How to learn Data Quality And Validation for ETL Developer for free

Why this skill matters for ETL Developers

Data pipelines only deliver value when the data is trustworthy. As an ETL Developer, you design, implement, and operate checks that keep data complete, accurate, consistent, and timely.

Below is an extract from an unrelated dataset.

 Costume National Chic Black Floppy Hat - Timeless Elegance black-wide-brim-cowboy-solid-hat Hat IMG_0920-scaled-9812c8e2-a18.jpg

Strong data quality (DQ) and validation practices help you:

Catch issues before they hit analytics, ML models, or dashboards.
Shorten incident resolution with clear quarantine, logging, and root-cause analysis.
Build stakeholder trust with repeatable, auditable quality metrics.
Reduce rework by preventing bad data from cascading across systems.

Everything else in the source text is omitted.